Interview with Kosta Du, CEO and Co-Founder at Soft POS Payment Platform: Paymob

Kosta Du

On the surface, Paymob may look like a payment gateway, but dig a little deeper and it’s clear what we have built is a far cry from the traditional payment framework and mPOS terminals we’ve all come accustomed to over the past year. Enter SoftPOS, the next-gen of payment acceptance. SoftPOS allows businesses to accept contactless (and soon pin-on-glass) payments on any NFC-enabled device, without the need for dongles, plugins or excess hardware – just an app.

Today we partner with companies looking to elevate their own financial offering for their micro-business and large enterprise customers. We help merchants to accept frontline payments without the behind-the-scenes difficulties of continual development, maintenance and rigorous certification processes. We take care of the end-to-end pay-tech infrastructure behind the face of our partners own unique brand identity.
 
 

 

How did you come up with the idea for Paymob?

 
We had been operating in the payment acceptance market for three years, consistently maintaining a keen eye on consumer behaviour. By 2018, as technology in this space progressed, it became clear that there was a fundamental disconnect in the payment equation. This disconnect was the ability for businesses to accept payments with the same seamless nature at which their customers were making them.

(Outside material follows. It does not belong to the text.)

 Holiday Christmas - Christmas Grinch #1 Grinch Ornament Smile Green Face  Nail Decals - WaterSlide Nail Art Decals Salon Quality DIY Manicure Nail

That’s when we began to ask, what comes next? Surely there’s something more convenient than the external mPOS device? We knew NFC technology had been used to make payments for years, which prompted us to look further into its capabilities, and that was our lightbulb moment. Utilising NFC supported technology to transform a smartphone into a direct card reader, cutting out the external middleman.
 

 

What have you learnt from being part of the Techstars Hub71 Accelerator program?

 
Having been accepted as one of ten startups out of hundreds of applications to the program was truly humbling. It was the external validation that our very fringe idea had true potential. The program was rigorous and exceeded expectations – working with Vijay, the Managing Director of the programme and the incredible mentors taught us several valuable lessons.

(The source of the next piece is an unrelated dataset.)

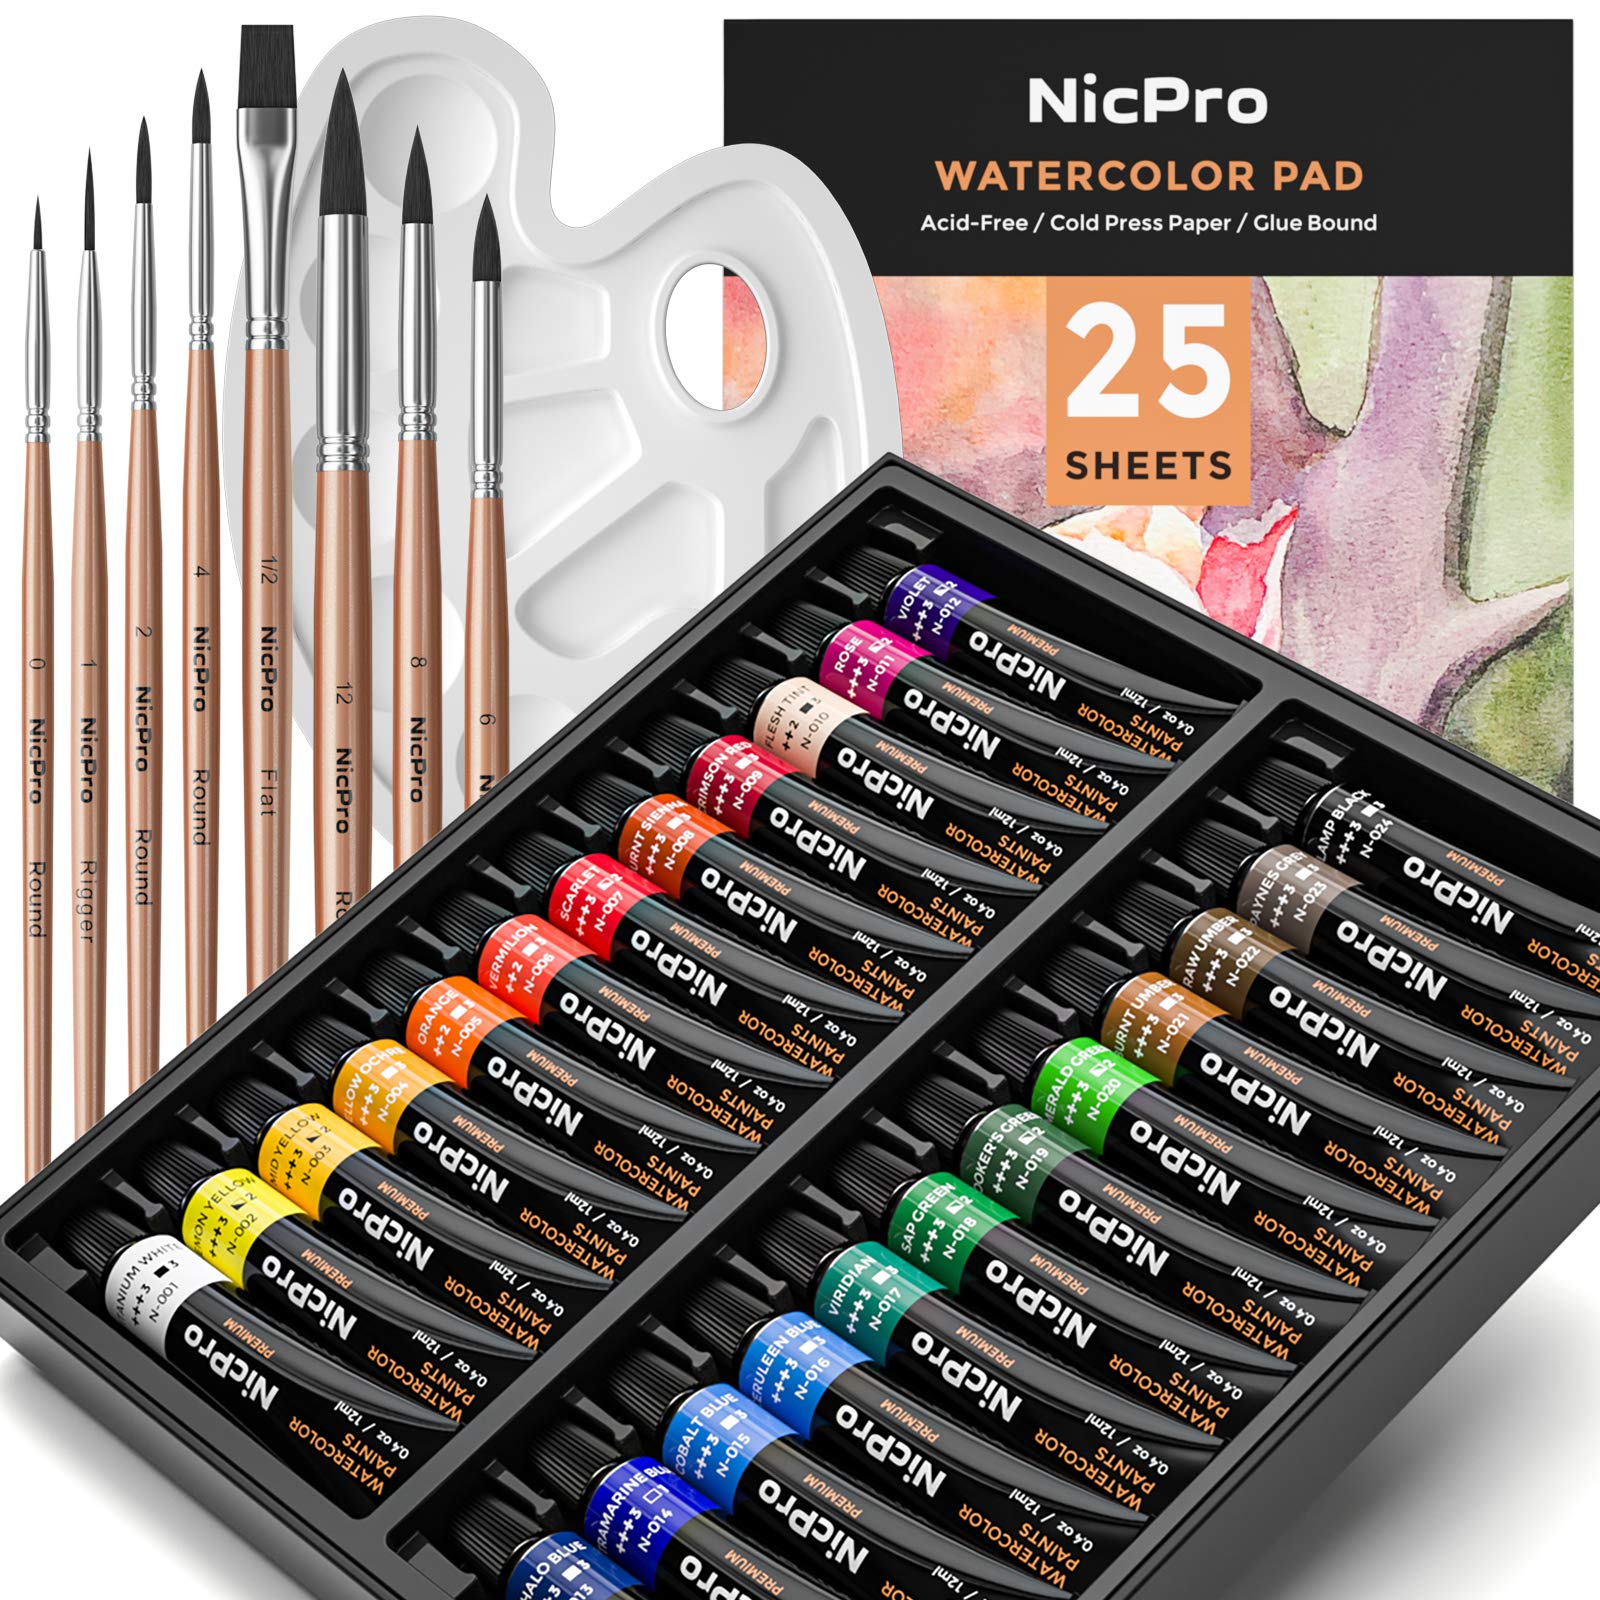 Nicpro Watercolor Paint Kit Professional Painting Supplies Set 24 Tube  Water Color Paints 8 Synthetic Squirrel Brushes 25 Art Pad Papers Palette  Color Wheel for Artists Students Kids Adults

Firstly, to become hyper-focused on one product, market and customer. We quickly realised for early growth, sacrificing other potential business leads was important. It allowed us to free up time and headspace to fine-tune and tailor this one product for our one specific audience.

Secondly, start small. As a start-up, it’s easy to become caught up in the bigger picture, reminding ourselves that while we’ve been in the payment space for a while, this is an entirely new innovation.

Finally, cut out the data noise and focus on one metric. This is the only metric that matters. For us, this was a number of end-users who reached out via Paymob’s channel and strategic partners.
 

What can we hope to see from Paymob?

 
By the end of 2022, we aim to service 10,000 to 20,000 merchant businesses across the EU, Scandinavia, Asia, Middle East, and North Africa through our strategic partners. We are helping to enable microbusinesses to accept additional payment methods, widely benefiting developing economies. Long term, we have our eyes set on a much larger prize, to position Paymob as a real ‘unicorn’ company in the payments space, serving other financial institutions, banking enterprises and fintechs alike.